Instructions

Use the IO.gets function to gather an integer from user input and return a string where EACH digit is converted to an "e" or an "o" string character. This string character is determined by whether the integer digit at that index is odd or even.

For example:

iex> --enter your code here--
13387
"oooeo"

Solutions

Winner

The winning solution was submitted by @henrik:

char count: 66

iex(1)> "#{for x<-(to_char_list IO.gets''),x>10,do: Enum.at'eo',rem(x,2)}"
12231
"oeeoo"

Starting in the middle it IO.gets the user’s input, and converts this binary string into a character list (a list of integer values). Note that the last character will be a \n which is ASCII value 10.

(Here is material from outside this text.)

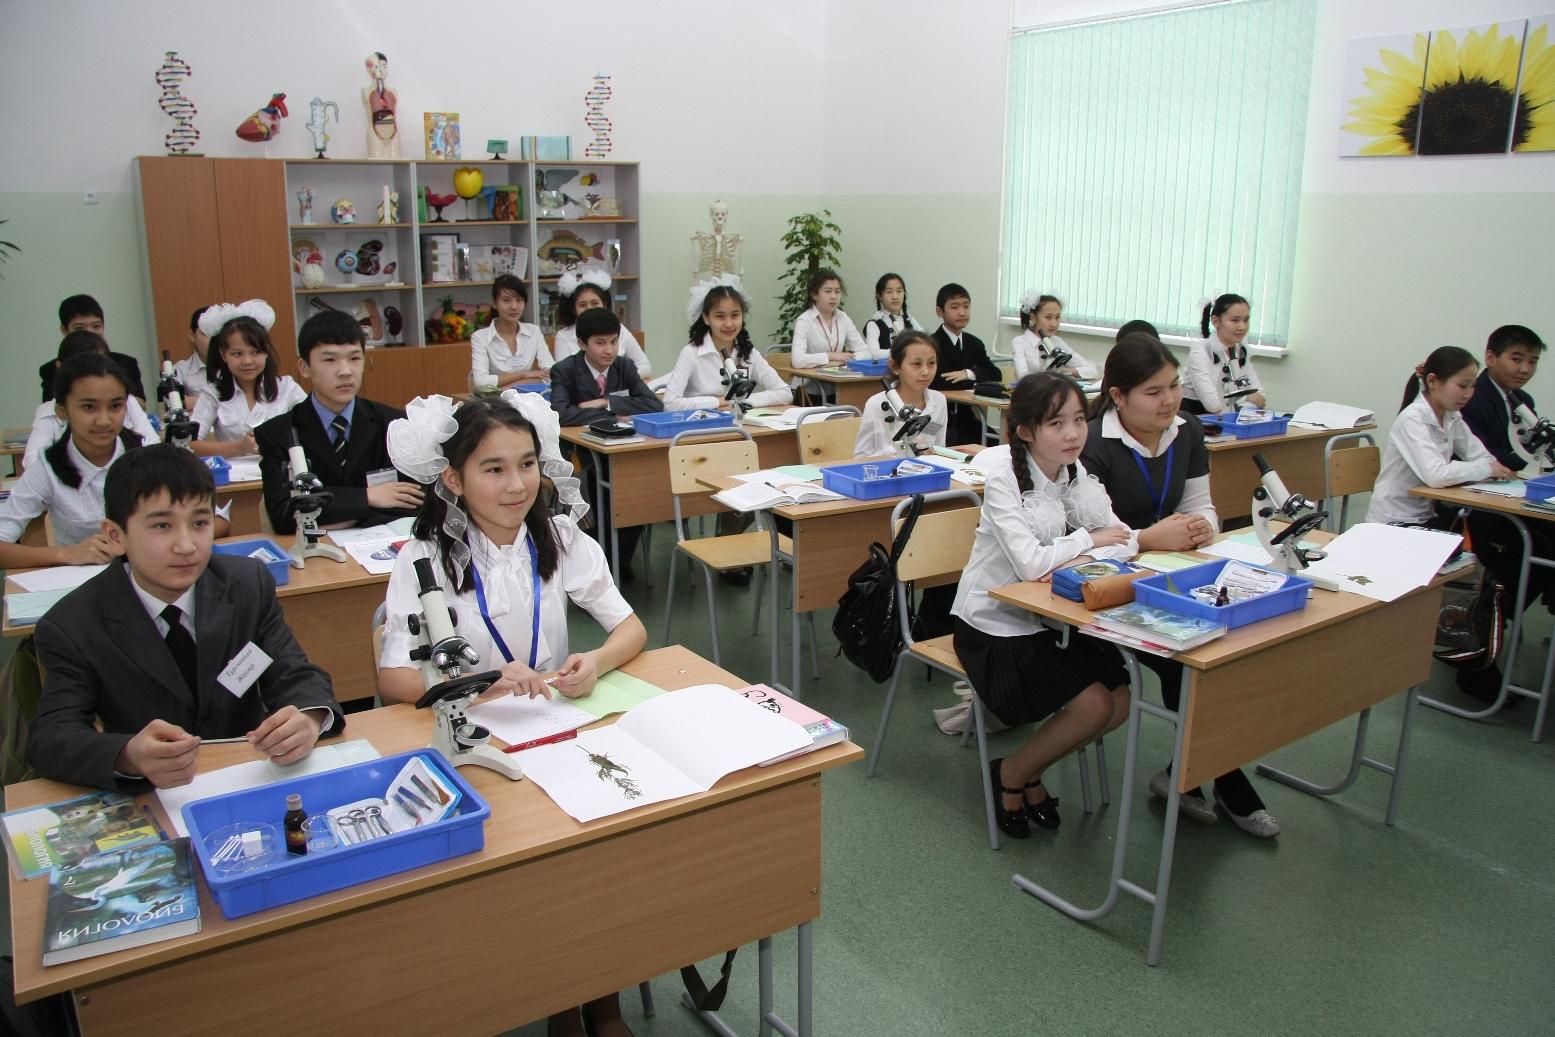 Алматыда қазақ тілінде білім алатын оқушылардың саны 12 есеге артқан.
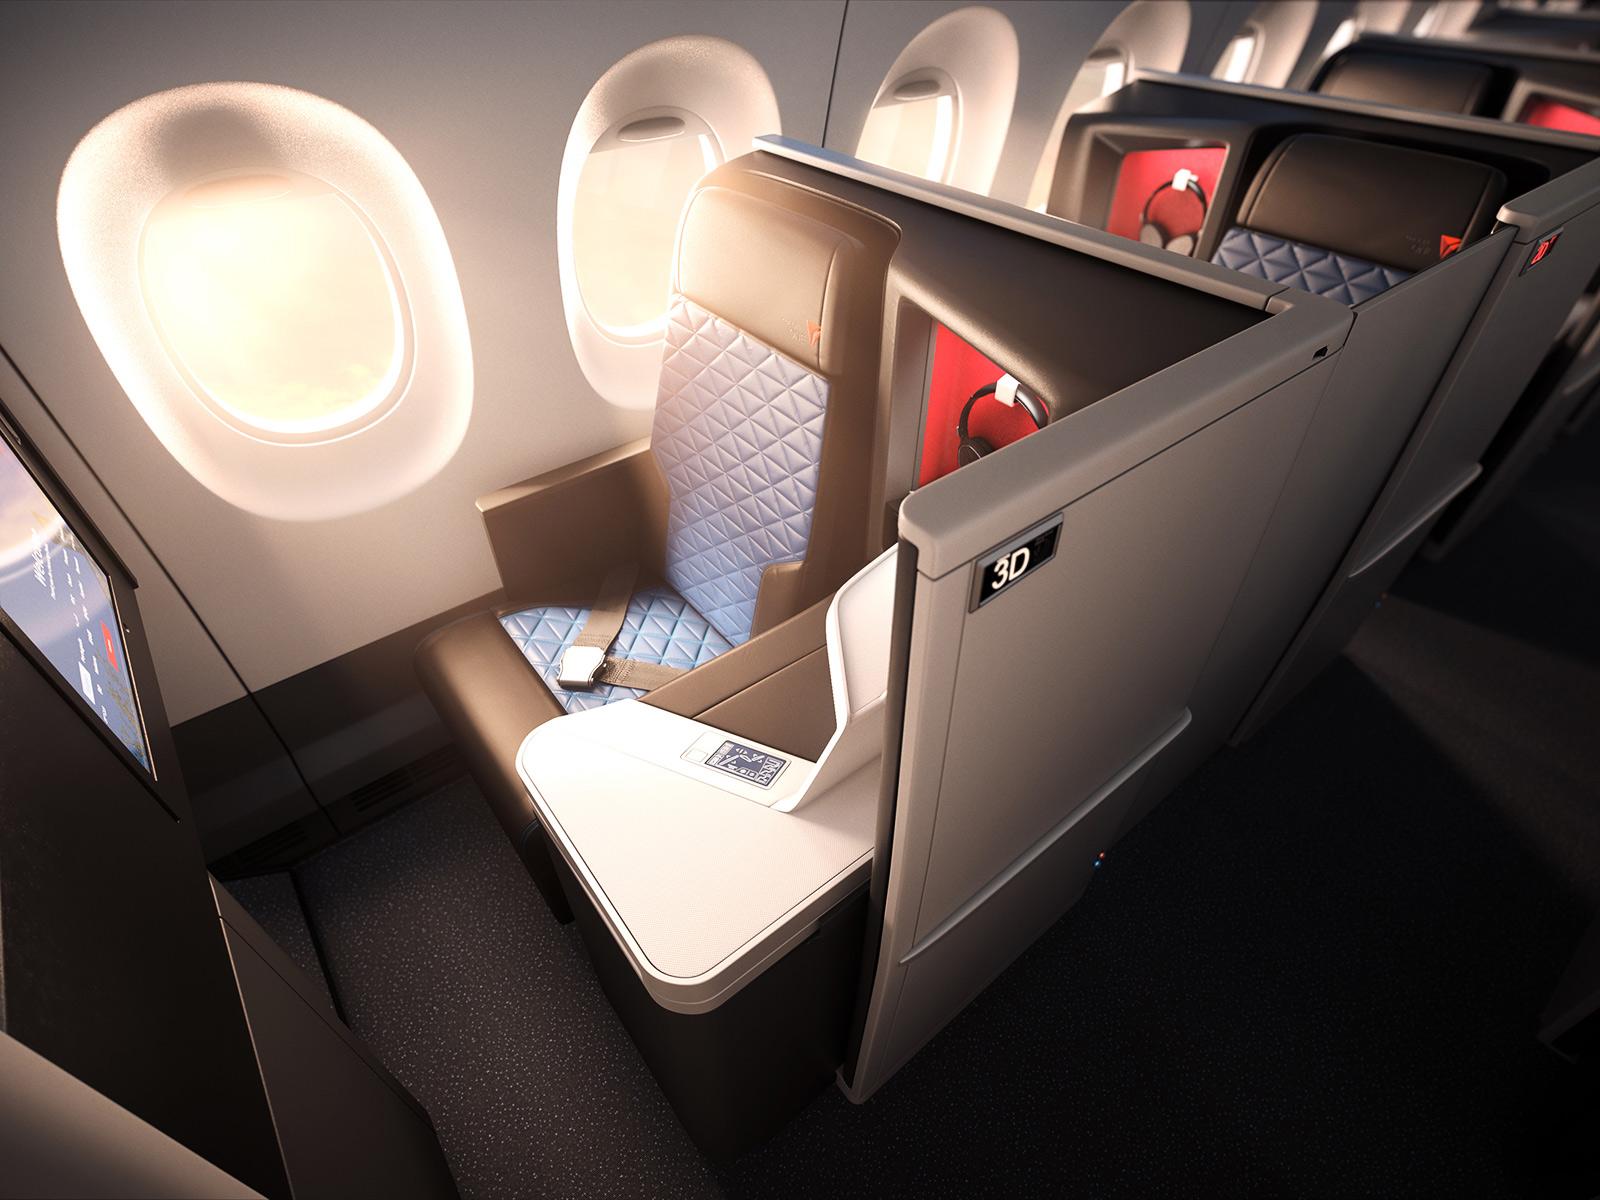 デルタ航空 ファースト&ビジネスクラス

It uses a comprehension (for x<-...) to take each integer from our list and apply the x>10 filter. As all the string values are greater than 10 they pass through, where as the \n escapes. The values are then passed to the body of our comprehension do: Enum.at....

In the body, the integer value bound to x is divided by 2 determining whether it is even or odd. This remainder value is then used by Enum.at to return the corresponding "e" or "o" character.

Finally the code is wrapped in an interpolated string "#{}" to convert the character list into a binary string.

Honourable mentions

Submitted by @henrik:

"#{for x<-'13387',do: Enum.at'eo',rem(x,2)}"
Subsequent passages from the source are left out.